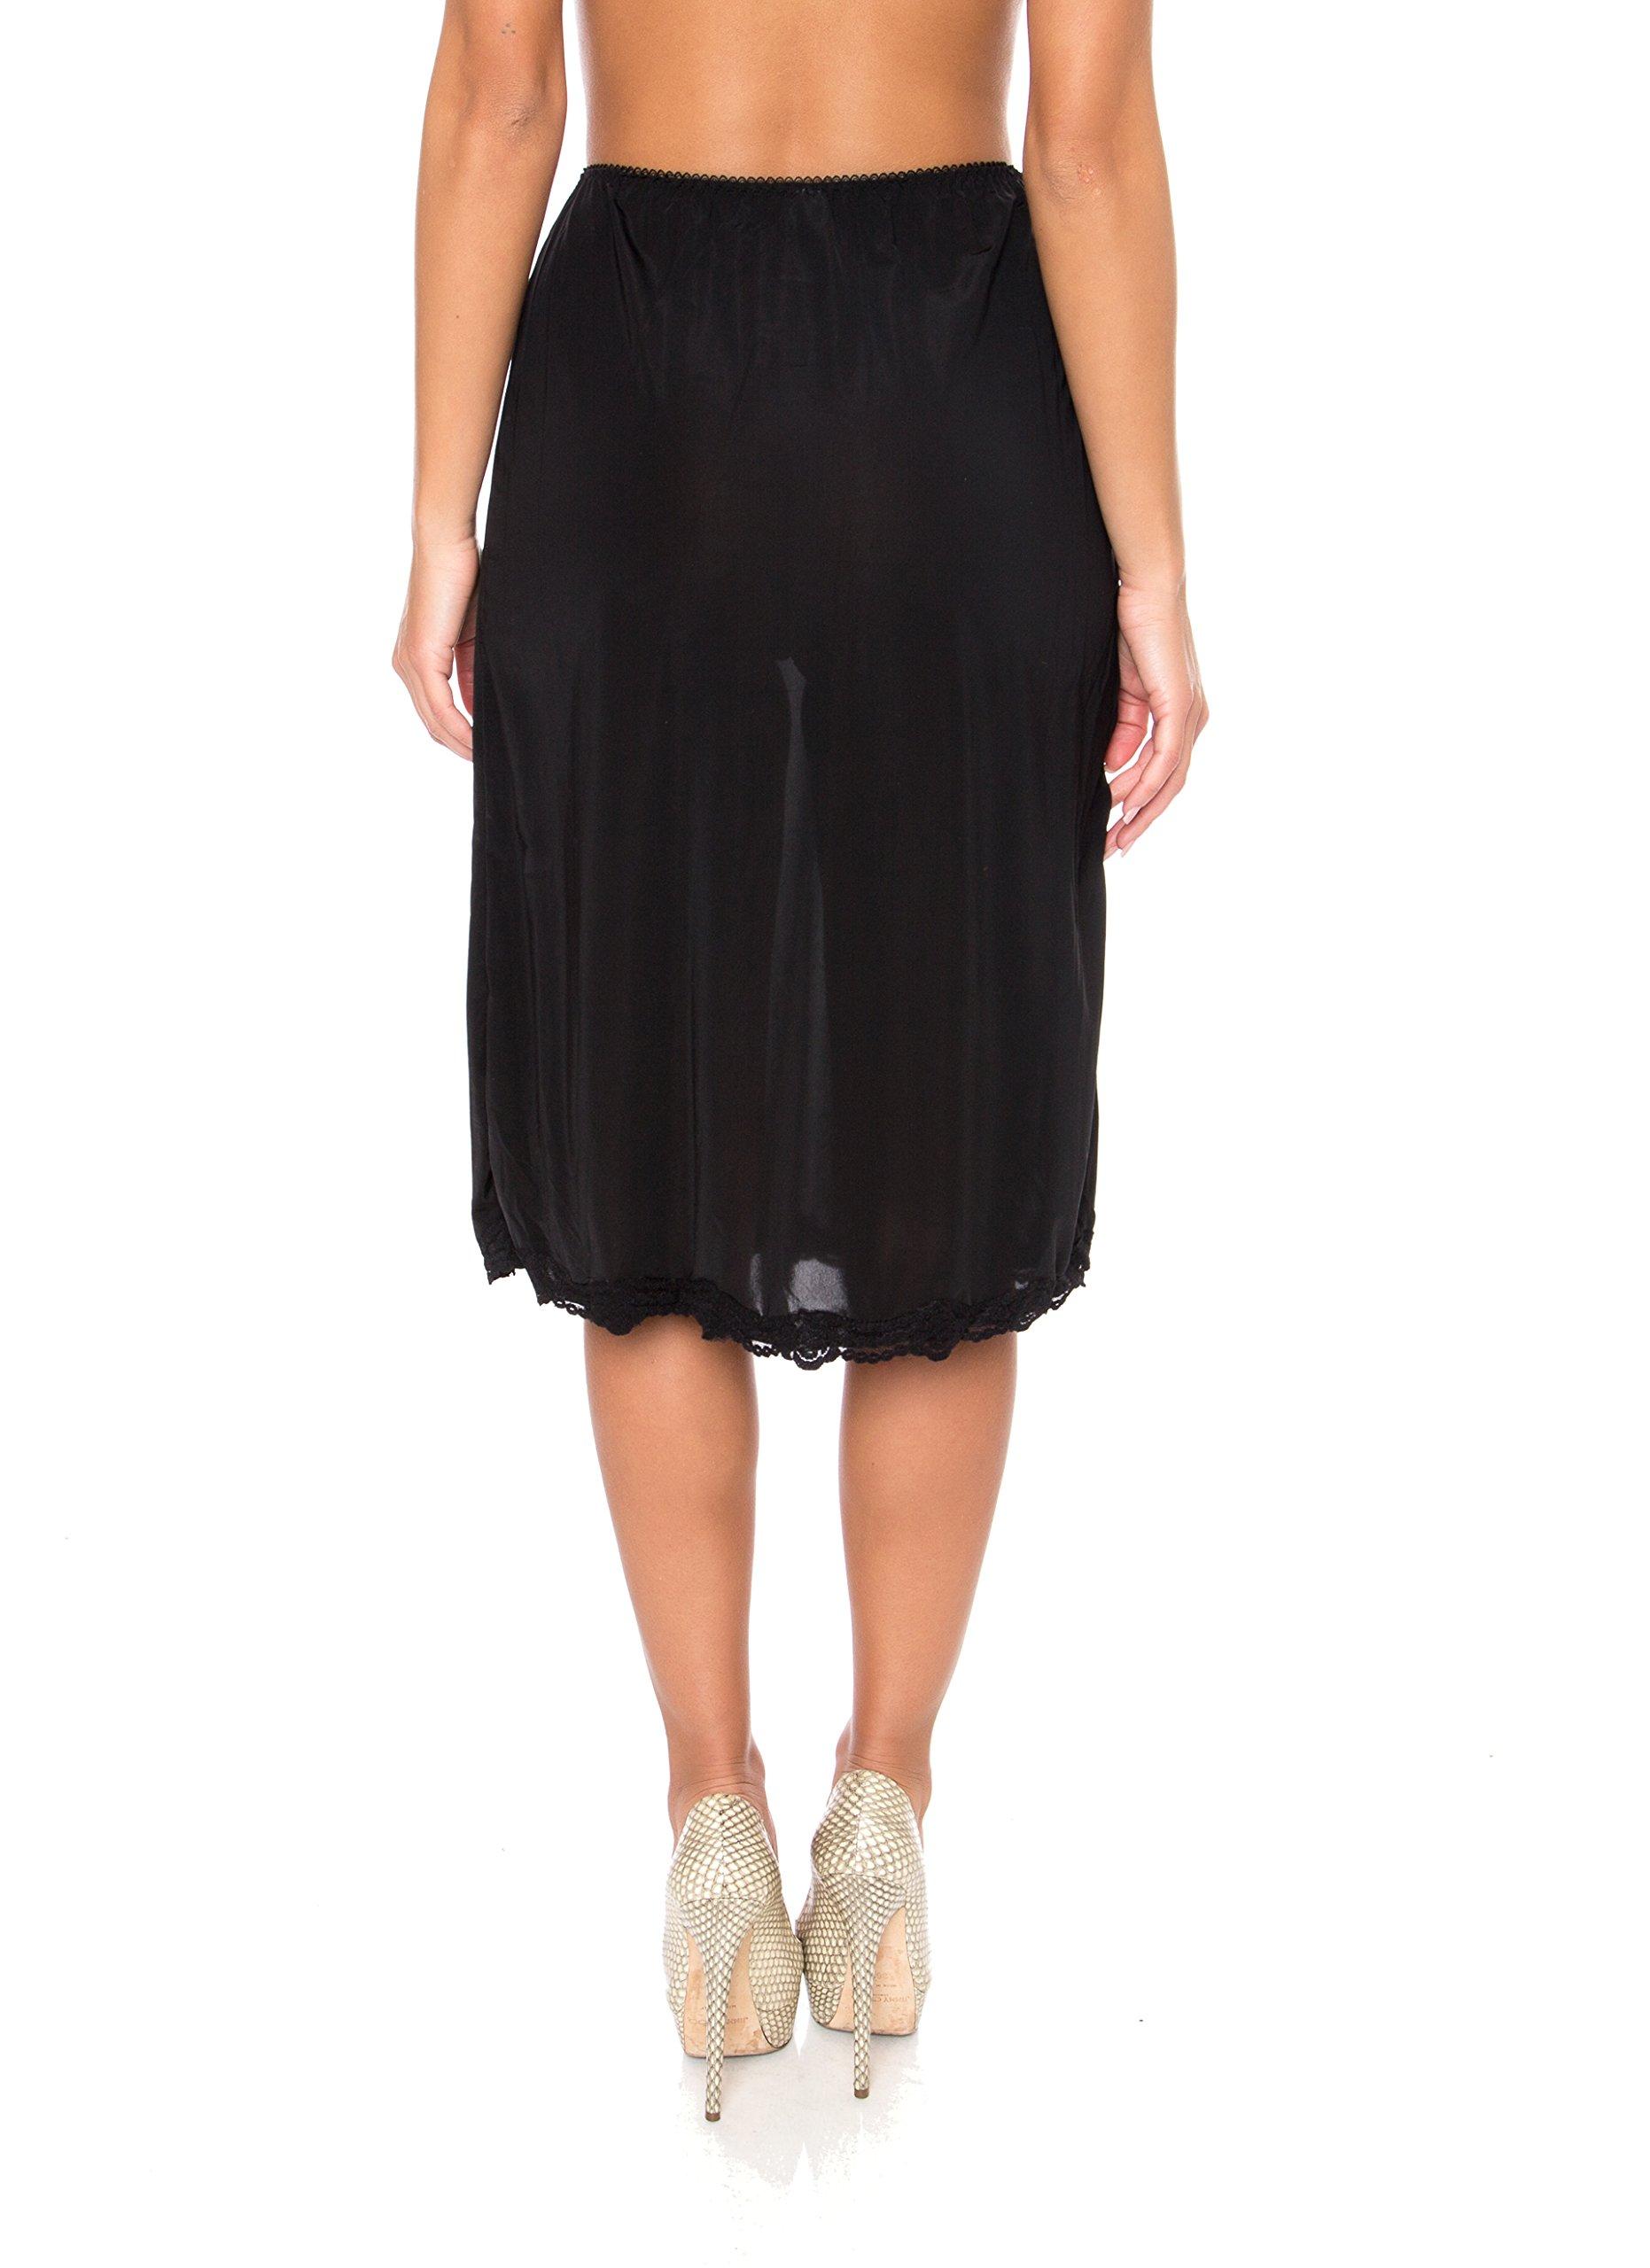 Kathy Ireland Womens Microfiber Half Slip Skirt with Lace Trim Underwear 1X-Large Black
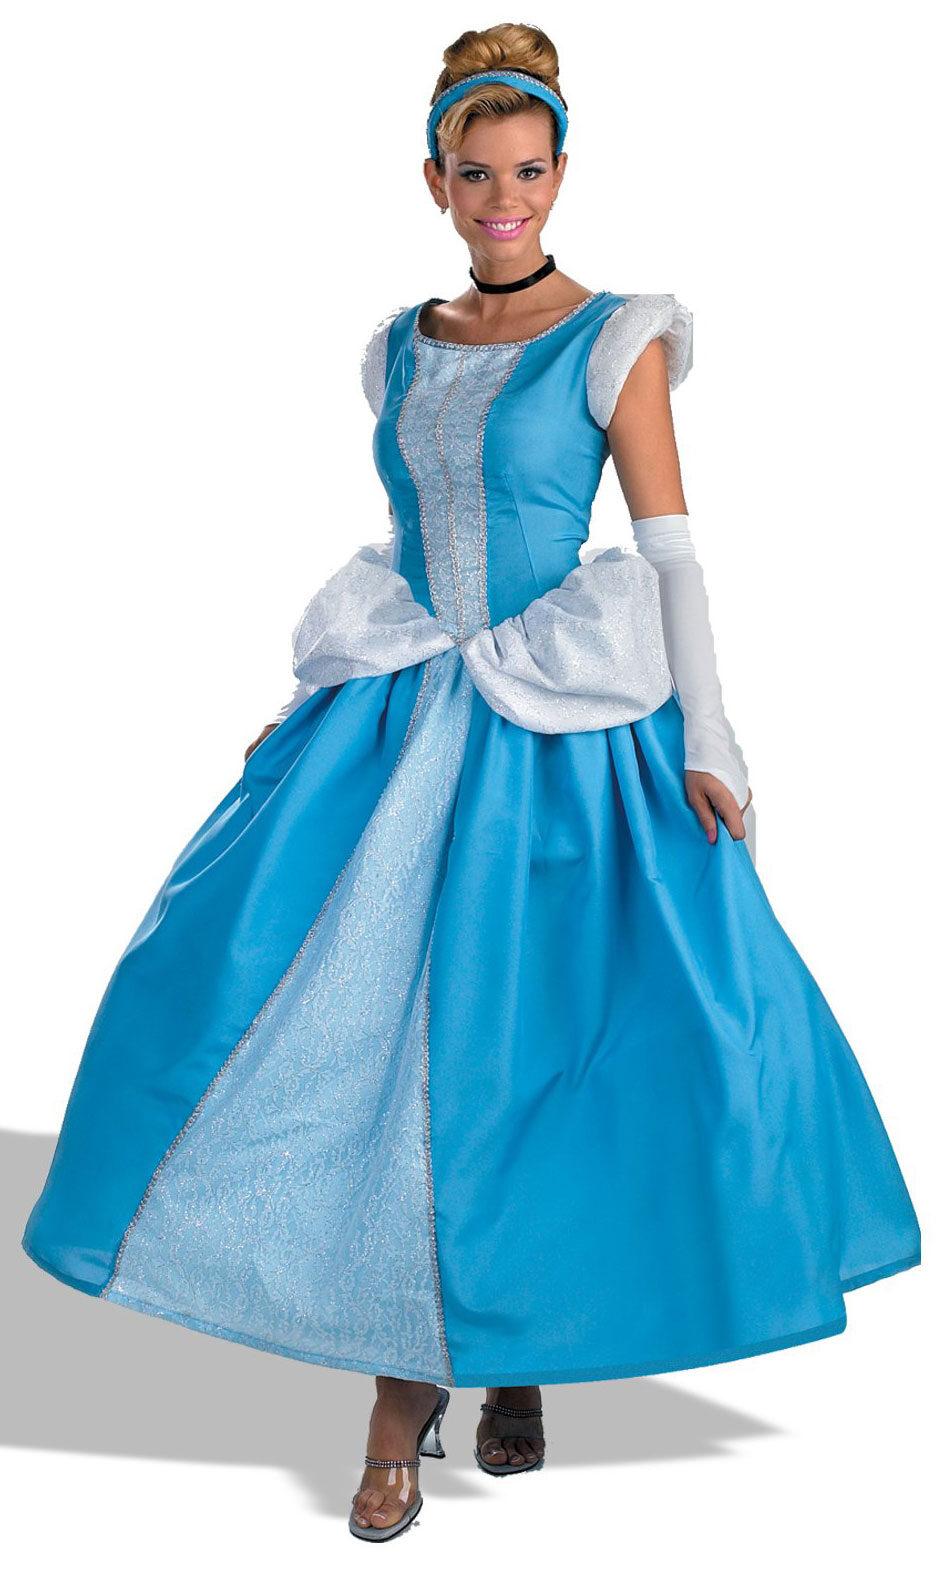 adult disney prestige princess cinderella costume mr. Black Bedroom Furniture Sets. Home Design Ideas
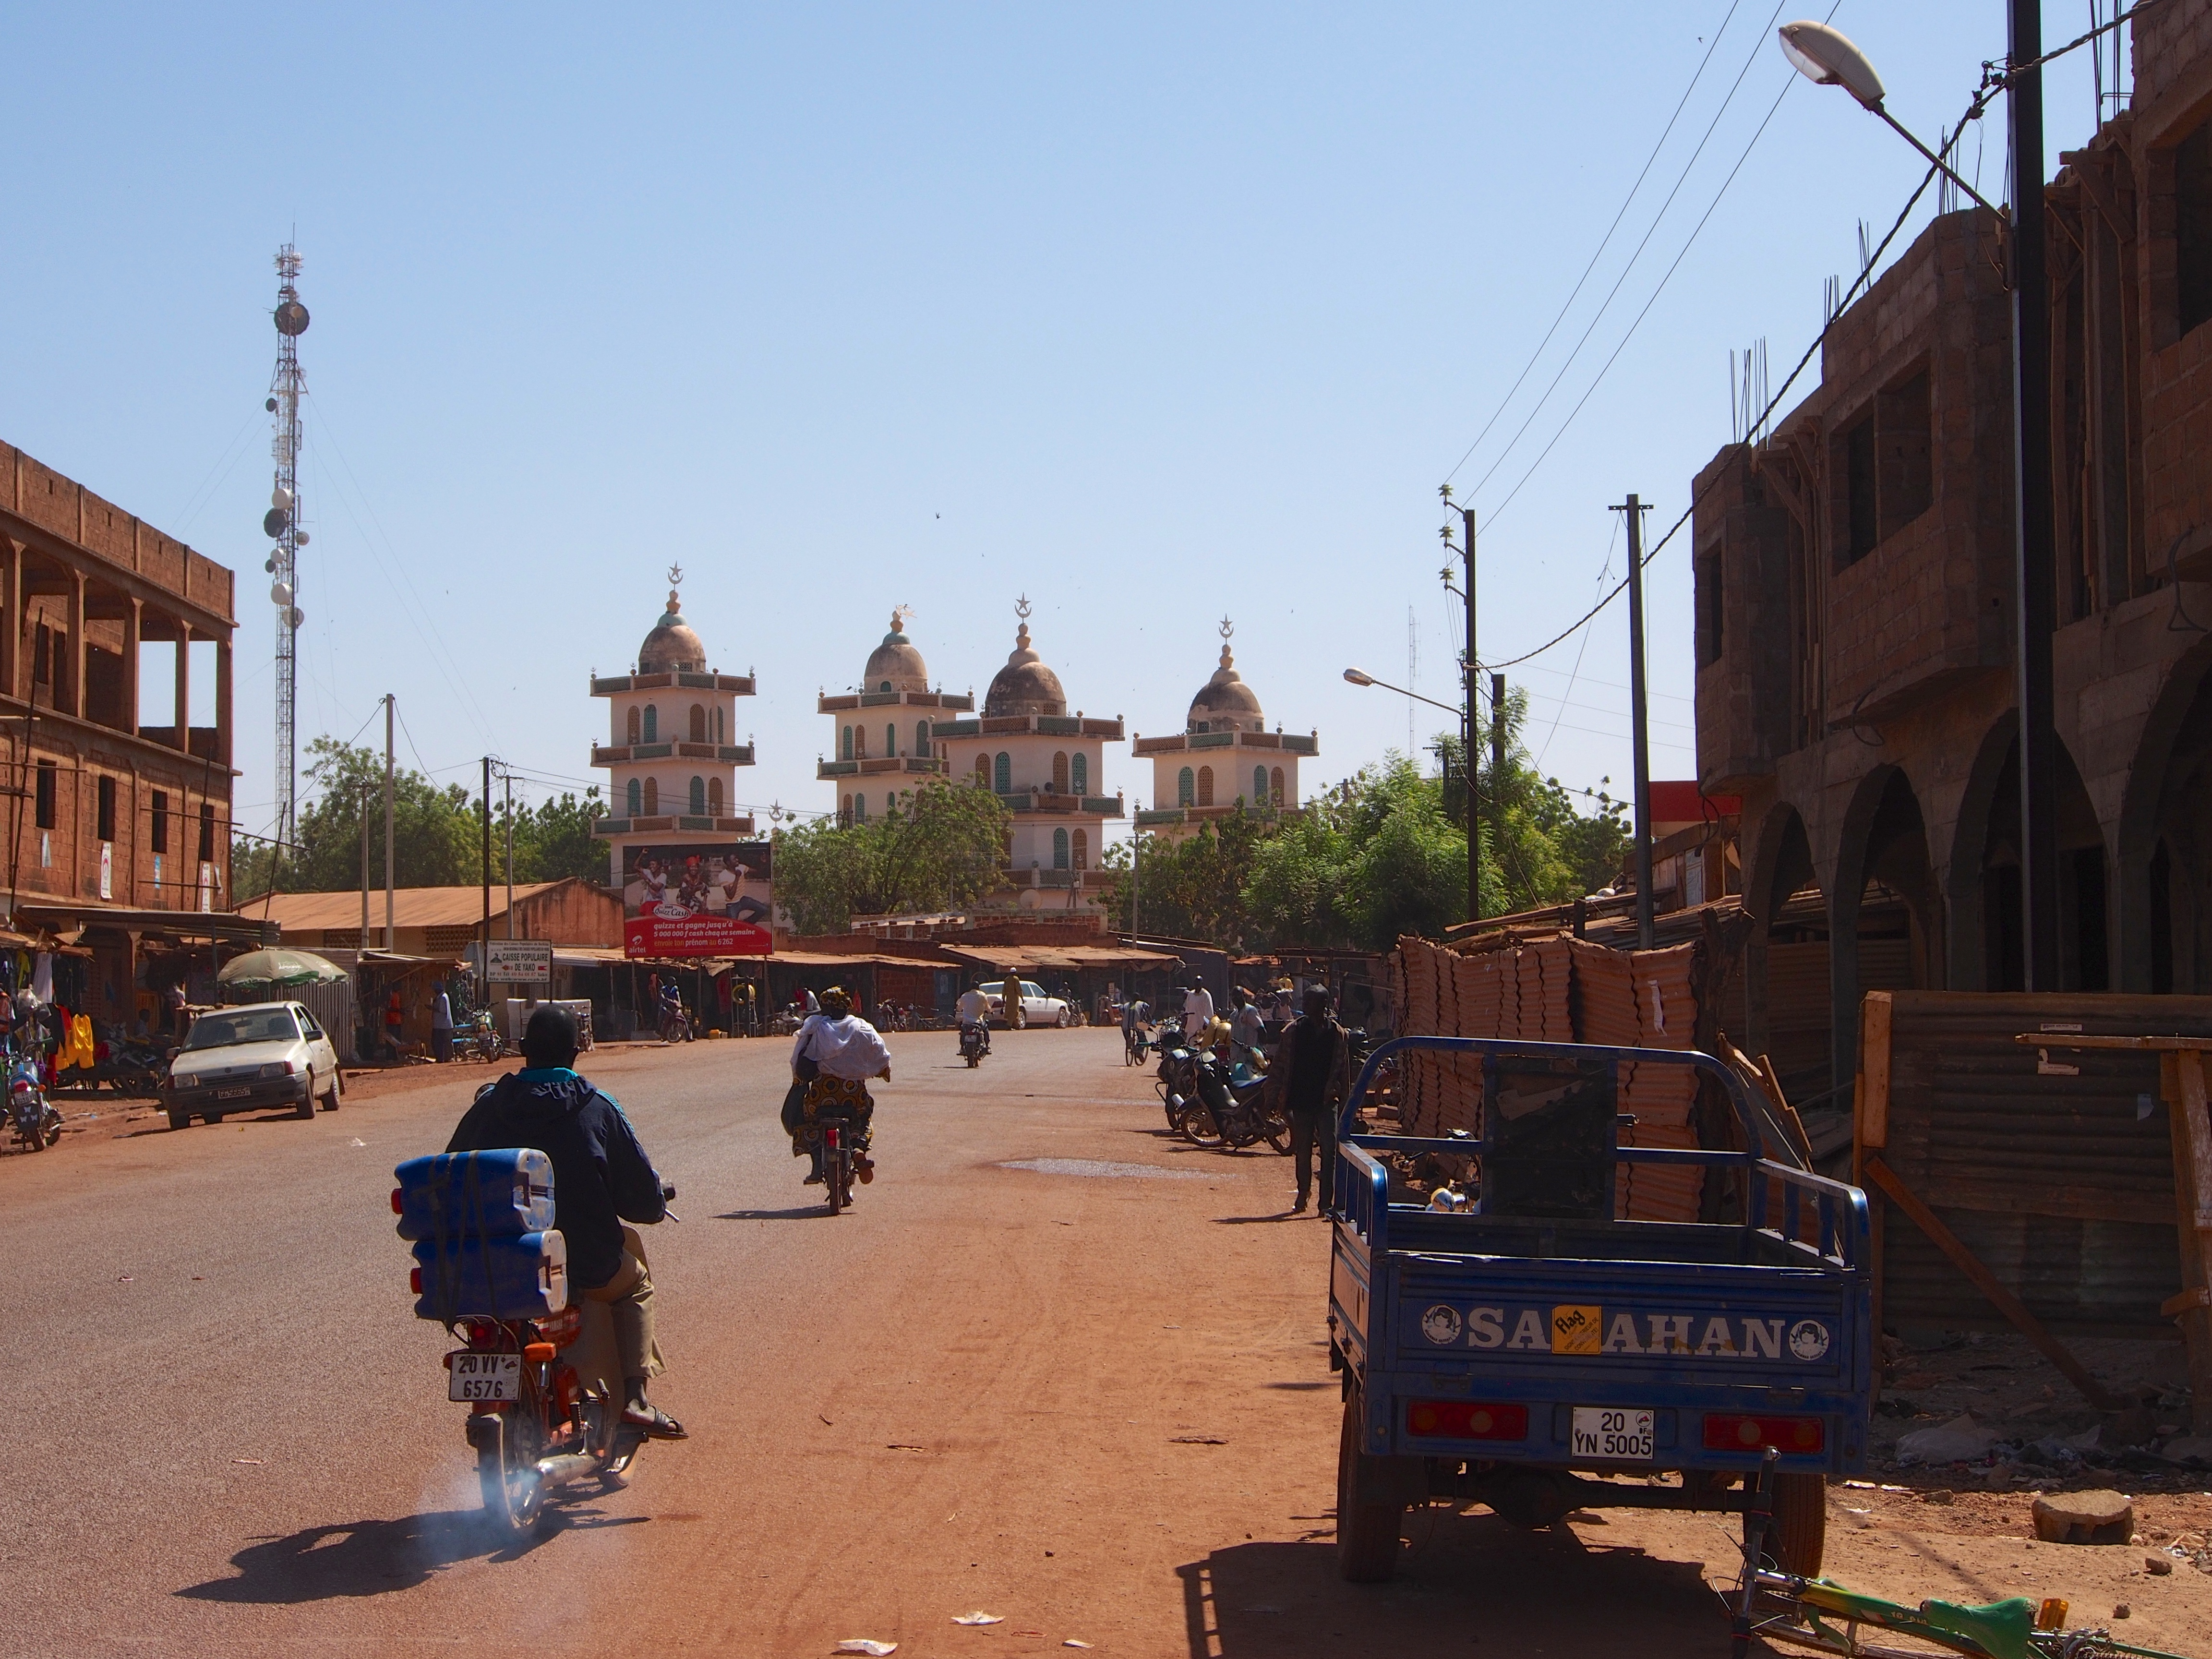 Yako, Burkina Faso

+++

» **PROBLEM REQUIREMENTS**
All of the lines above must be repeated without alteration, though the pictures are to be excluded.

» **COMPLETED EXERCISE**
 Kathy Ireland Womens Microfiber Half Slip Skirt with Lace Trim Underwear 1X-Large Black
 adult disney prestige princess cinderella costume mr. Black Bedroom Furniture Sets. Home Design Ideas
 Yako, Burkina Faso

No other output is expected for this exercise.